Absolutely beautiful pics. I have an old variety as a gift; would love some tips to bring it to bloom.


----------



## Paphman910 (Mar 1, 2014)

Fantastic!


----------



## eggshells (Mar 1, 2014)

AdamD said:


> Wow! That is a great clone. Any measurements?





Ozpaph said:


> "not bad" is a serious understatement. That's a seriously good roth (unless its 6" across).



Dorsal Size: 5cm, Natural Spread is: 27cm



jemmam said:


> Absolutely beautiful pics. I have an old variety as a gift; would love some tips to bring it to bloom.

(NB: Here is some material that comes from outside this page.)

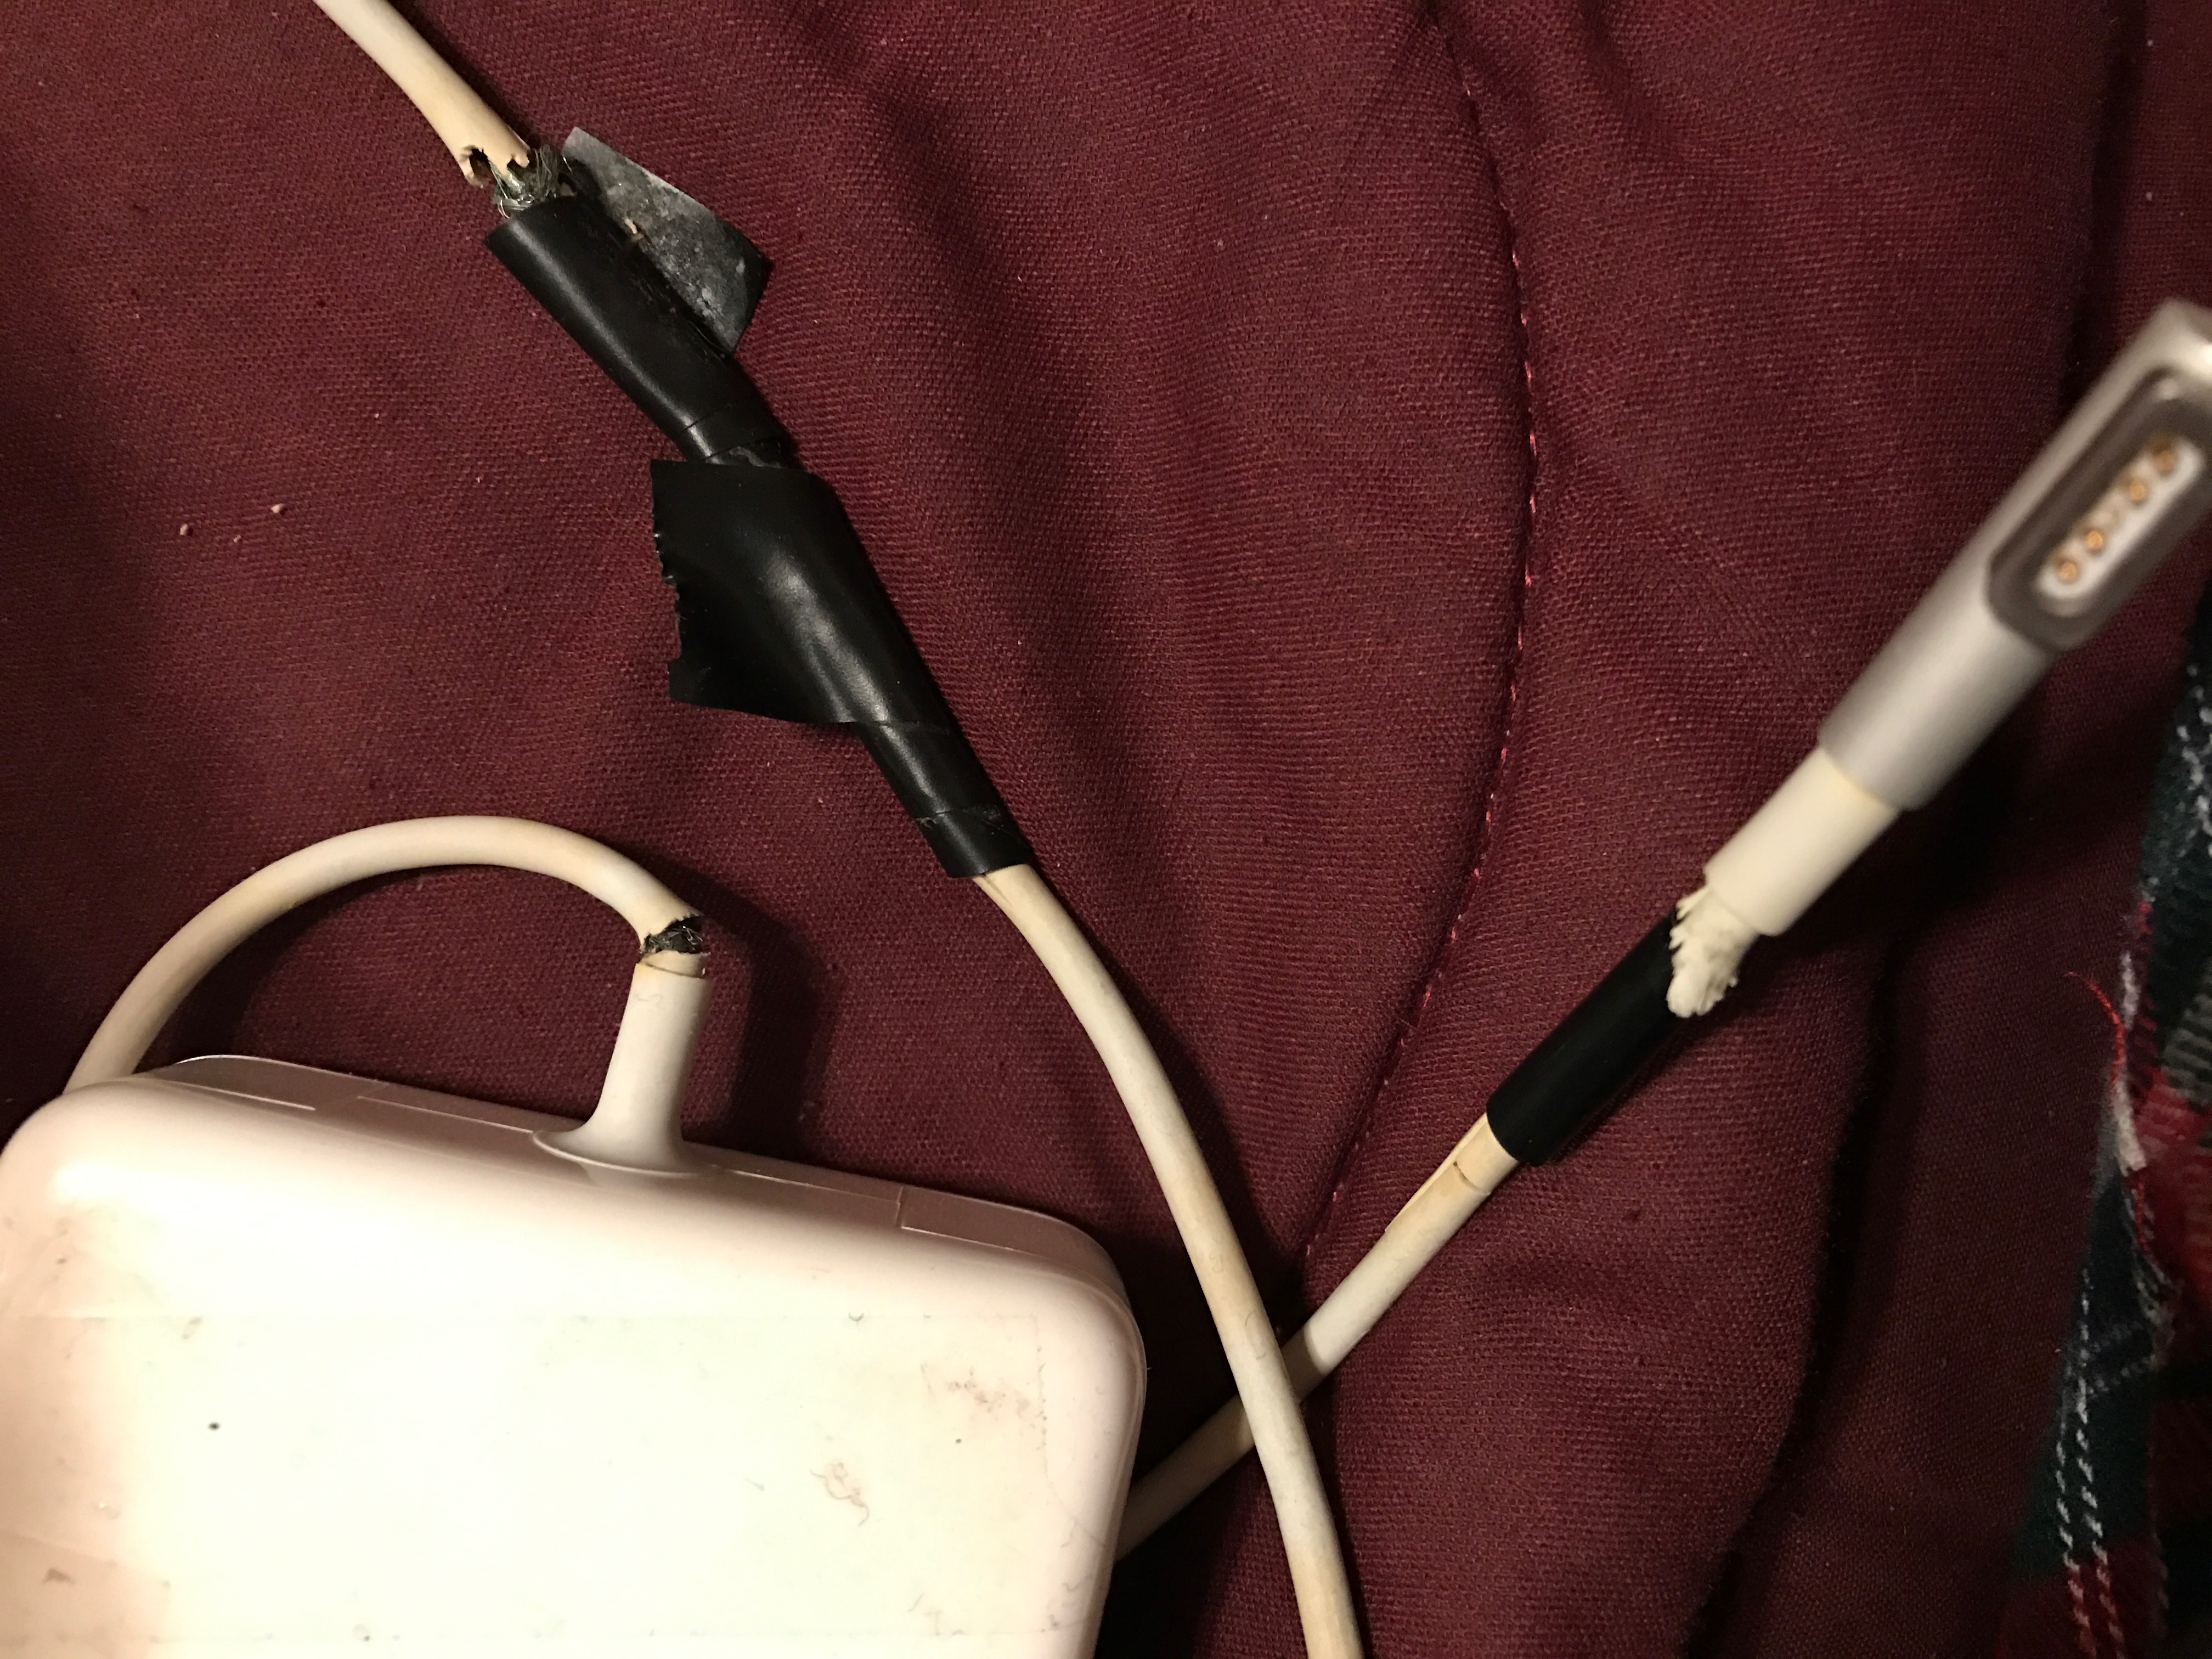 2010 MBP Broken Charging Cable

I know some older clones are harder to bloom but the new ones are quite easy to bloom and relatively fast growing too.


----------



## emydura (Mar 1, 2014)

Just outstanding and it is only a first flowering. Imagine how good this is going to look when it is a big clump.


----------



## SlipperKing (Mar 1, 2014)

Love the pattern on the petals. Outstanding markings


----------



## tenman (Mar 1, 2014)

I'm so glad you don't like it. Send it to me. I think it's perfect!!


----------



## raymond (Mar 1, 2014)

wow very nice color verydark


----------



## nathalie (Mar 2, 2014)

very nice


----------



## Trithor (Mar 2, 2014)

That has to be one of the epic understatements! First flowering, 4 blooms, fantastic colour, wow petal stance, awesome bold markings, nicely elevated first bloom, and the bloom presentation sure to improve on subsequent flowerings! An enviable display!


----------